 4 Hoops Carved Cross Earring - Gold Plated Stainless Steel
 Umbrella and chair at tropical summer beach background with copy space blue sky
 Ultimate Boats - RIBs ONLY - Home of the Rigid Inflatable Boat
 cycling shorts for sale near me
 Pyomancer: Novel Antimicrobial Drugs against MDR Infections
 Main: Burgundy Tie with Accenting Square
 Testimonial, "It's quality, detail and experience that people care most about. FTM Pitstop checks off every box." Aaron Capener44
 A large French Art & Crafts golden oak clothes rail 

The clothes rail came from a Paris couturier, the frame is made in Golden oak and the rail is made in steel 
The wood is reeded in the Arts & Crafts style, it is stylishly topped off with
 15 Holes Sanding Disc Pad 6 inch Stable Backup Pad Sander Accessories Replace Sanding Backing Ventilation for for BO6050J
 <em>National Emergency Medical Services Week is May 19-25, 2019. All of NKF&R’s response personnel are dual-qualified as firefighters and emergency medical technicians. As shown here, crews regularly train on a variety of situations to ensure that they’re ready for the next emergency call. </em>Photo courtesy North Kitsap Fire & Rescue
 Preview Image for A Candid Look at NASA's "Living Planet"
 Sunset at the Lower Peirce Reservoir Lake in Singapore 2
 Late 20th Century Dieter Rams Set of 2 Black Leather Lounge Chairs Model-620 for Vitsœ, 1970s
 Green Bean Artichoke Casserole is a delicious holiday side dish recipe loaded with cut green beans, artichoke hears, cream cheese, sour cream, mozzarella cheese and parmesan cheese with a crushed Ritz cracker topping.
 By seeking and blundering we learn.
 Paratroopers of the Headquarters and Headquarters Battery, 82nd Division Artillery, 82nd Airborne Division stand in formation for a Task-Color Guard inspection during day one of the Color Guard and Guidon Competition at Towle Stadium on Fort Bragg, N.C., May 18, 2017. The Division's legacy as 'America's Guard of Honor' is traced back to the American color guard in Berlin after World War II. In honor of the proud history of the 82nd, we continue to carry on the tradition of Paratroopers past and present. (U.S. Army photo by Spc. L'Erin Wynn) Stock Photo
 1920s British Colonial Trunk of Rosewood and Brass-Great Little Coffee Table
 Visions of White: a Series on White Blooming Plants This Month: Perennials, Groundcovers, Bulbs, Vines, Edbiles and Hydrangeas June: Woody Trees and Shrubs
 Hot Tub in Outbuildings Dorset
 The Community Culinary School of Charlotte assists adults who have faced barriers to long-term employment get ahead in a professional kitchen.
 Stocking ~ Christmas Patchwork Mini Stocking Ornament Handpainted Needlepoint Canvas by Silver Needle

§ AIM OF THE TASK
The data must be duplicated exactly, with nothing left out.

§ ANSWER SPACE
 4 Hoops Carved Cross Earring - Gold Plated Stainless Steel
 Umbrella and chair at tropical summer beach background with copy space blue sky
 Ultimate Boats - RIBs ONLY - Home of the Rigid Inflatable Boat
 cycling shorts for sale near me
 Pyomancer: Novel Antimicrobial Drugs against MDR Infections
 Main: Burgundy Tie with Accenting Square
 Testimonial, "It's quality, detail and experience that people care most about. FTM Pitstop checks off every box." Aaron Capener44
 A large French Art & Crafts golden oak clothes rail 

The clothes rail came from a Paris couturier, the frame is made in Golden oak and the rail is made in steel 
The wood is reeded in the Arts & Crafts style, it is stylishly topped off with
 15 Holes Sanding Disc Pad 6 inch Stable Backup Pad Sander Accessories Replace Sanding Backing Ventilation for for BO6050J
 <em>National Emergency Medical Services Week is May 19-25, 2019. All of NKF&R’s response personnel are dual-qualified as firefighters and emergency medical technicians. As shown here, crews regularly train on a variety of situations to ensure that they’re ready for the next emergency call. </em>Photo courtesy North Kitsap Fire & Rescue
 Preview Image for A Candid Look at NASA's "Living Planet"
 Sunset at the Lower Peirce Reservoir Lake in Singapore 2
 Late 20th Century Dieter Rams Set of 2 Black Leather Lounge Chairs Model-620 for Vitsœ, 1970s
 Green Bean Artichoke Casserole is a delicious holiday side dish recipe loaded with cut green beans, artichoke hears, cream cheese, sour cream, mozzarella cheese and parmesan cheese with a crushed Ritz cracker topping.
 By seeking and blundering we learn.
 Paratroopers of the Headquarters and Headquarters Battery, 82nd Division Artillery, 82nd Airborne Division stand in formation for a Task-Color Guard inspection during day one of the Color Guard and Guidon Competition at Towle Stadium on Fort Bragg, N.C., May 18, 2017. The Division's legacy as 'America's Guard of Honor' is traced back to the American color guard in Berlin after World War II. In honor of the proud history of the 82nd, we continue to carry on the tradition of Paratroopers past and present. (U.S. Army photo by Spc. L'Erin Wynn) Stock Photo
 1920s British Colonial Trunk of Rosewood and Brass-Great Little Coffee Table
 Visions of White: a Series on White Blooming Plants This Month: Perennials, Groundcovers, Bulbs, Vines, Edbiles and Hydrangeas June: Woody Trees and Shrubs
 Hot Tub in Outbuildings Dorset
 The Community Culinary School of Charlotte assists adults who have faced barriers to long-term employment get ahead in a professional kitchen.
 Stocking ~ Christmas Patchwork Mini Stocking Ornament Handpainted Needlepoint Canvas by Silver Needle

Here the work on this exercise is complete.